Late in the first game, released all the way back in 2012, you can break into Dunwall Tower, the seat of the empire and the cadre of men who killed the Empress and took it from you. In one of the rich, baroque hallways that lines the upper levels, there’s an innocuous lever on one of the walls. Pull it, and you’ll find yourself inside the late Empress’s secret room. It’s a sweet little easter egg, containing a collectible bone charm and — more importantly — an audiograph from the Empress to her daughter, Emily. In it, the Empress wonders what of these plague-infested years her daughter will remember when she herself sits upon the throne of Dunwall, and how the events to come will shape Emily as she matures into her own woman.

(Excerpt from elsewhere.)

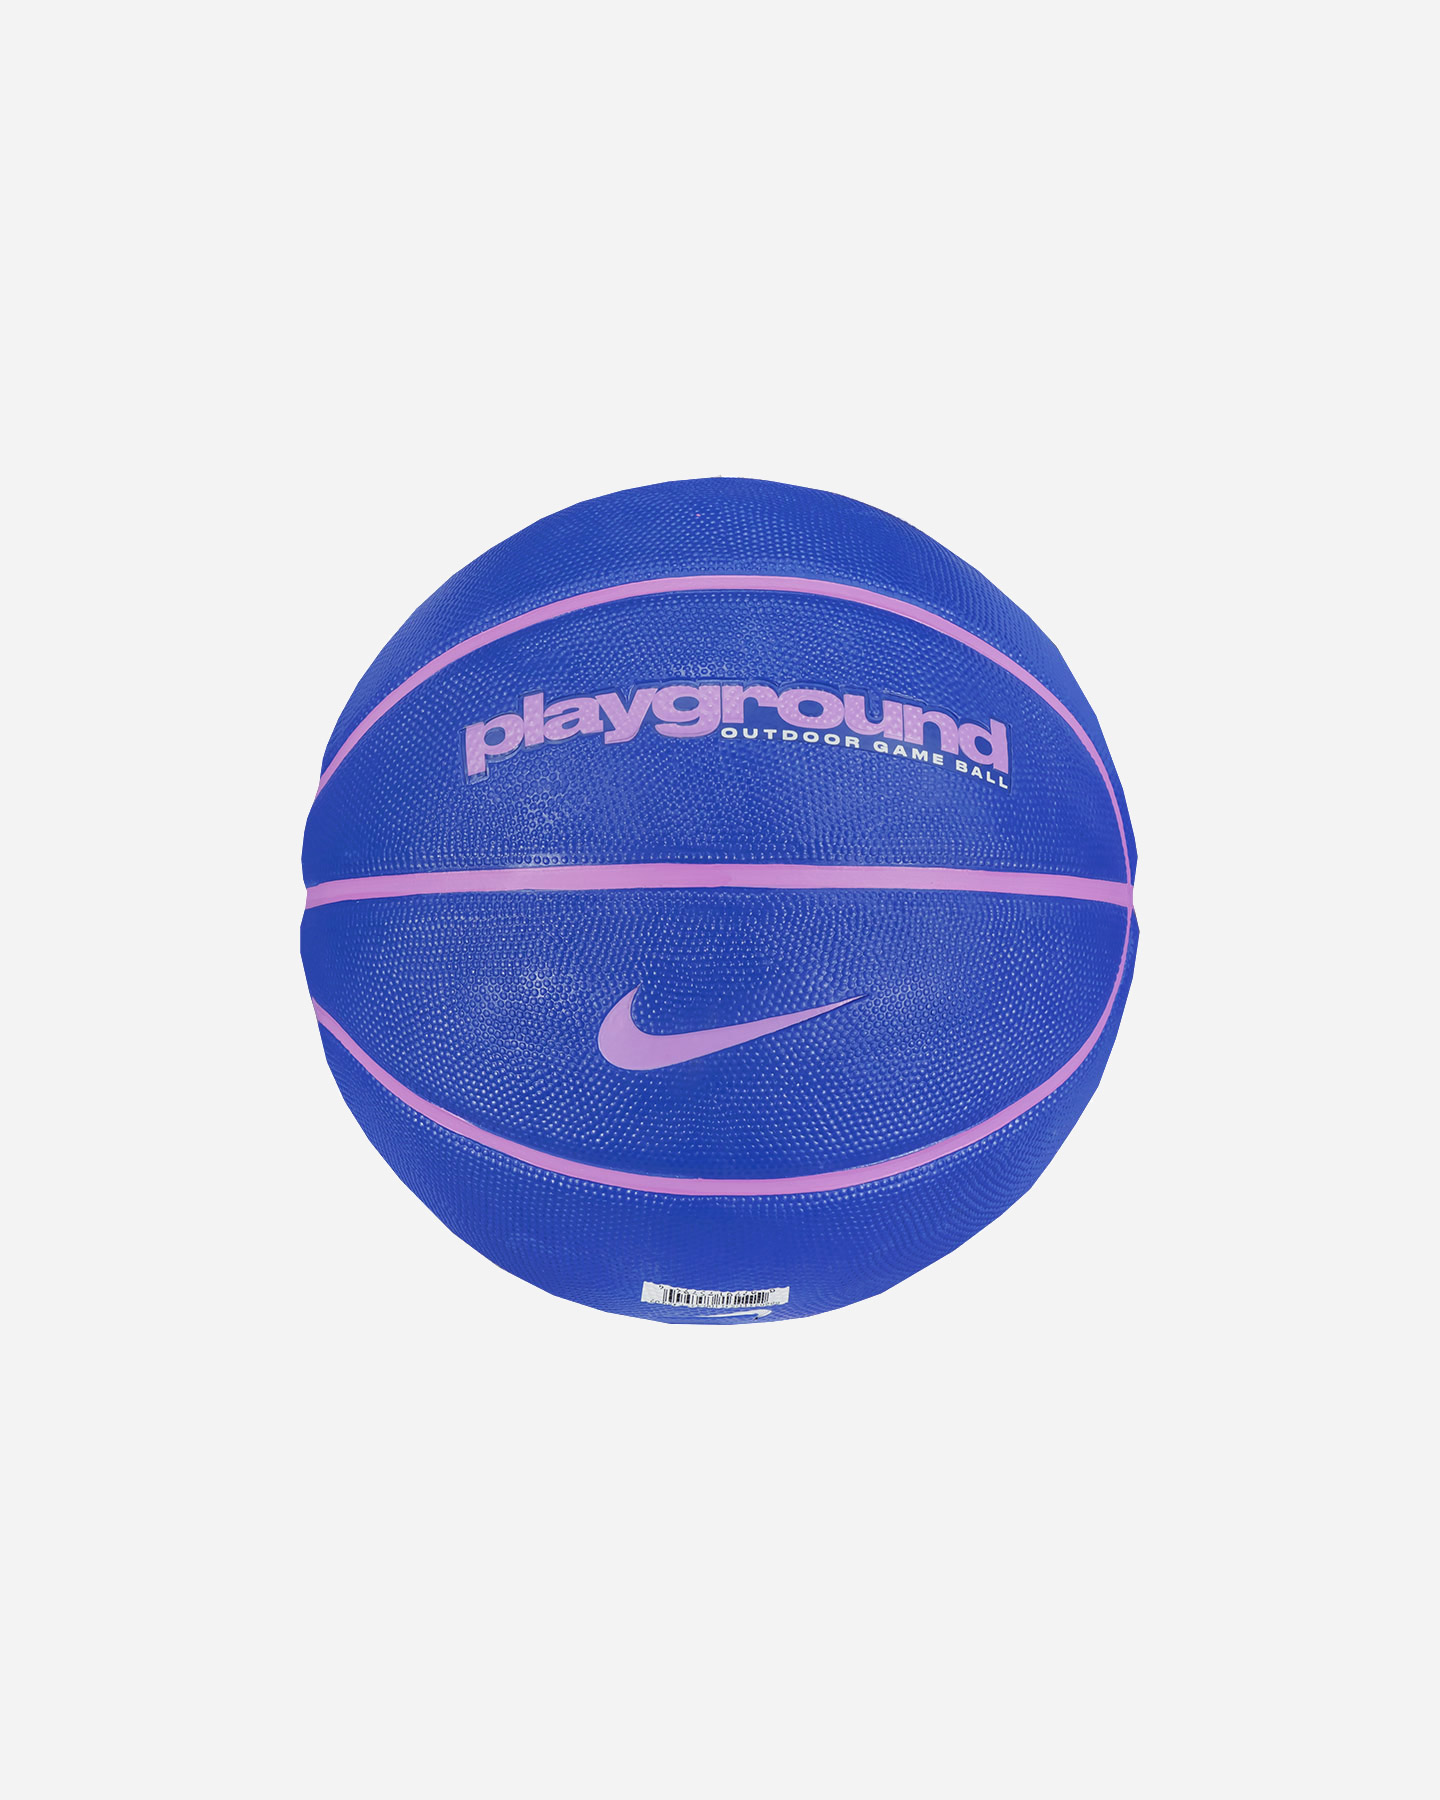 Image of Nike Everyday Playground 07 - Pallone Basket

So when the second game rolls around, set 15 years in the future, and Emily finds herself stalking the now dilapidated halls of this same tower, I made sure to take a short detour to that same spot. I pulled the same lever, and wasn’t at all surprised to find myself in the same little secret room. It was barren and empty, rot and decay having set in since the death of the Empress. Yet, there was something different this time. A secret passage, lost to time, that led to a back entrance into the throne room. What’s important (and amazing) about this is that in the original game, there’s a prompt for discovering this easter egg. The game lets you know that it exists before you find it. In the sequel, no such prompt exist. Simply remembering the past and putting my faith in the developer to do the same helped cut out a solid 20 minutes of methodical sneaking for me and greatly expediting my finishing what is, without even the smallest shred of doubt, the best game of 2016.

The Dust District
Run away with me.

Dishonored 2 is full of these little side stories. That’s why, despite a fairly boilerplate overarching plot, this game is as skillful at storytelling in all its forms as anything I’ve ever played. Take the power sets of the two playable characters. Corvo, always an outsider, relies more upon stealth and misdirection in his moveset, while Emily, raised from birth to be an Empress, trends more towards outright deception and superiority. Corvo, having grown up on the streets and fought for everything he has, manipulates the world. Emily, having been taught to rule, manipulates the people who populate it.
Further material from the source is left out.